#### Dataset content ####

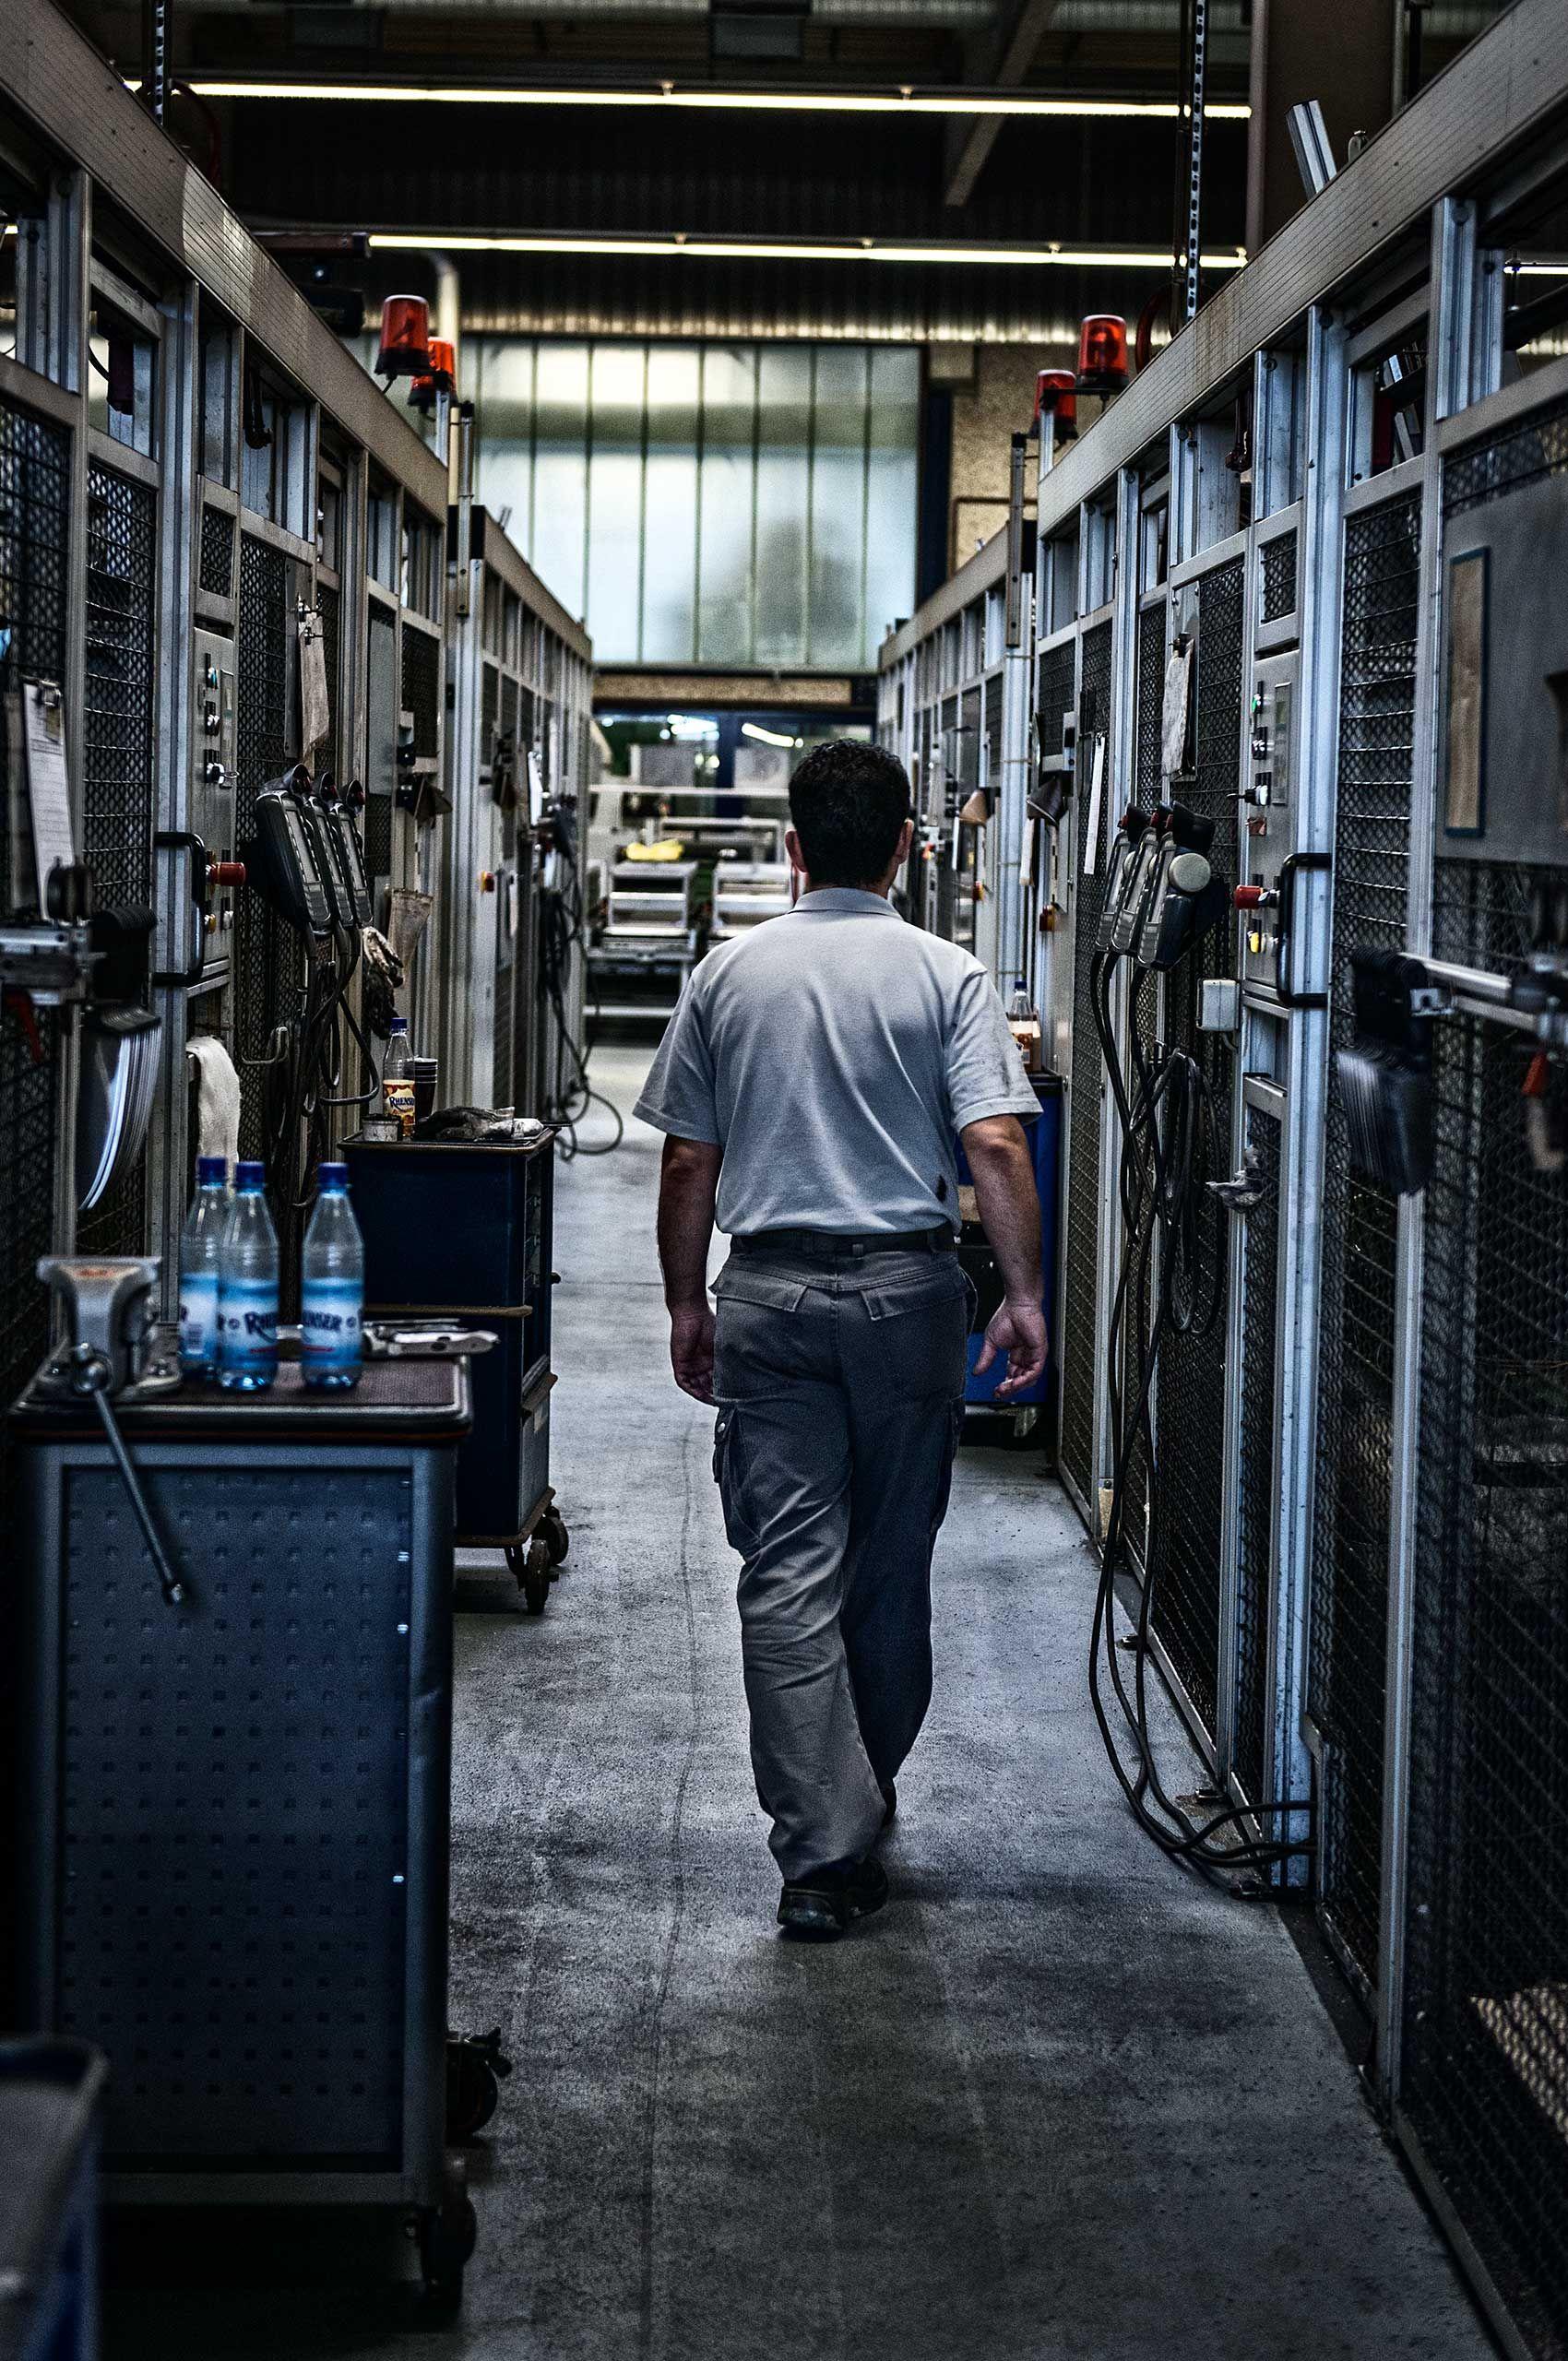 walking-away-wusthof-factory-HenrikOlundPhotography.jpg
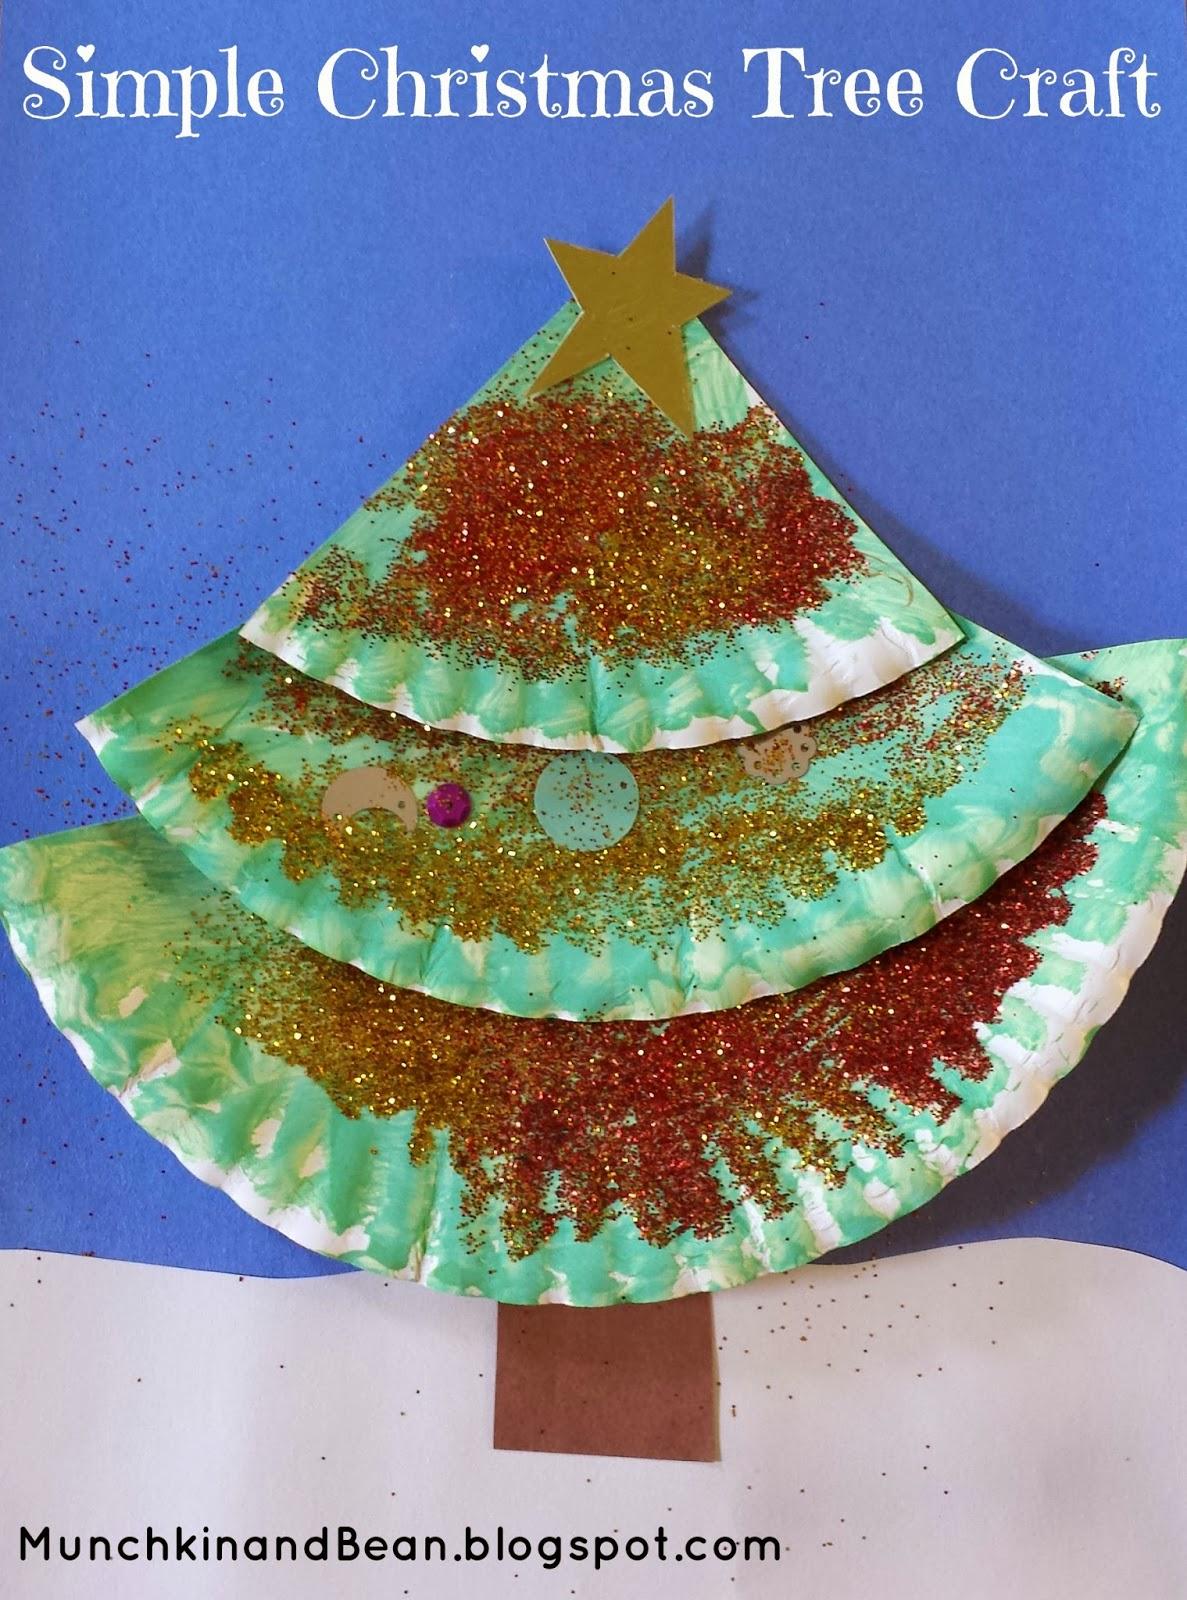 Simple Christmas Tree Craft
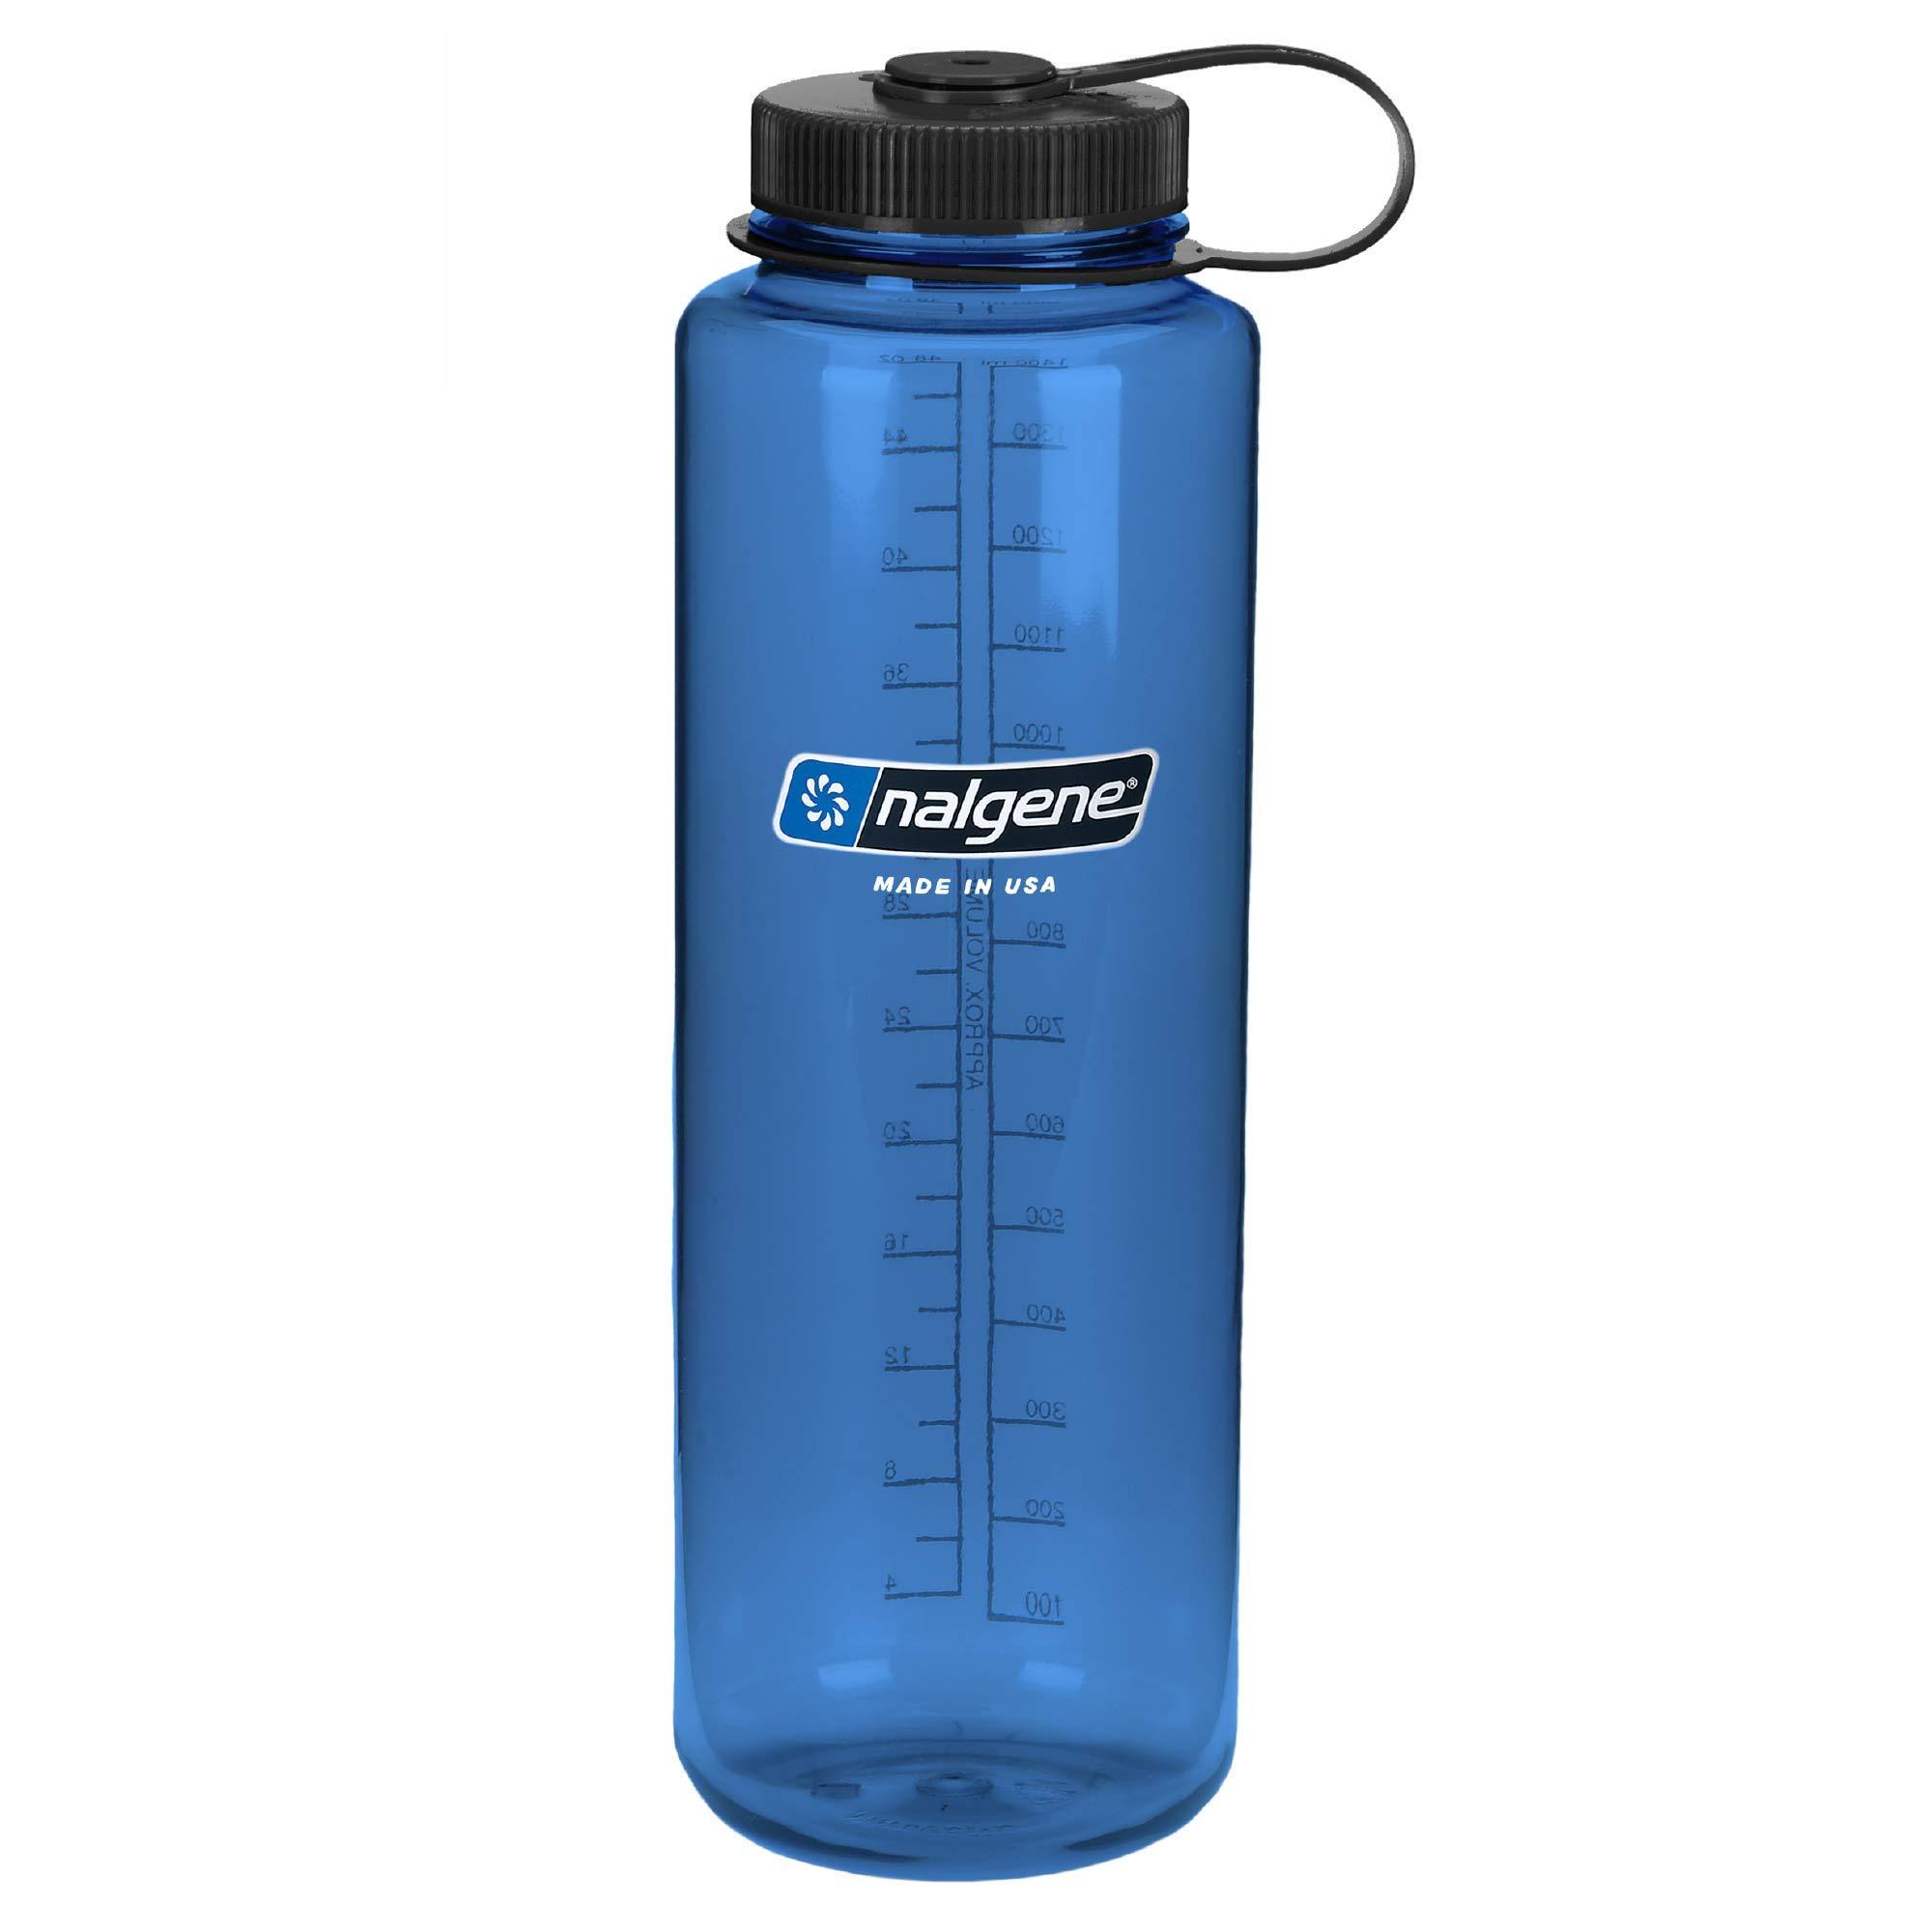 Nalgene Tritan Wide Mouth BPA-Free Water Bottle (48oz)

####

• **Exercise directions**
Each line above is to be copied verbatim. Drop any image from the copy.

• **Your response**
 walking-away-wusthof-factory-HenrikOlundPhotography.jpg
 Simple Christmas Tree Craft
 Nalgene Tritan Wide Mouth BPA-Free Water Bottle (48oz)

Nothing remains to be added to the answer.